From the line containing "CODE COCO精鋼與黑色" down to the line containing "Virtual Santa Goes" in the records below, reproduce every line exactly, ends included, and omit all others.
BEGIN SUPPLIED DATA
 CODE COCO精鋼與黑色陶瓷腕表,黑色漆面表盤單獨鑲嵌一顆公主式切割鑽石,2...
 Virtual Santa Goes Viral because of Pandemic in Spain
END SUPPLIED DATA
BEGIN SUPPLIED DATA
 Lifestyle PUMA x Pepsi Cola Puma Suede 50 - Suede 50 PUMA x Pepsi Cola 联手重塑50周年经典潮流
END SUPPLIED DATA
# WRITTEN RESPONSE
 CODE COCO精鋼與黑色陶瓷腕表,黑色漆面表盤單獨鑲嵌一顆公主式切割鑽石,2...
 Virtual Santa Goes Viral because of Pandemic in Spain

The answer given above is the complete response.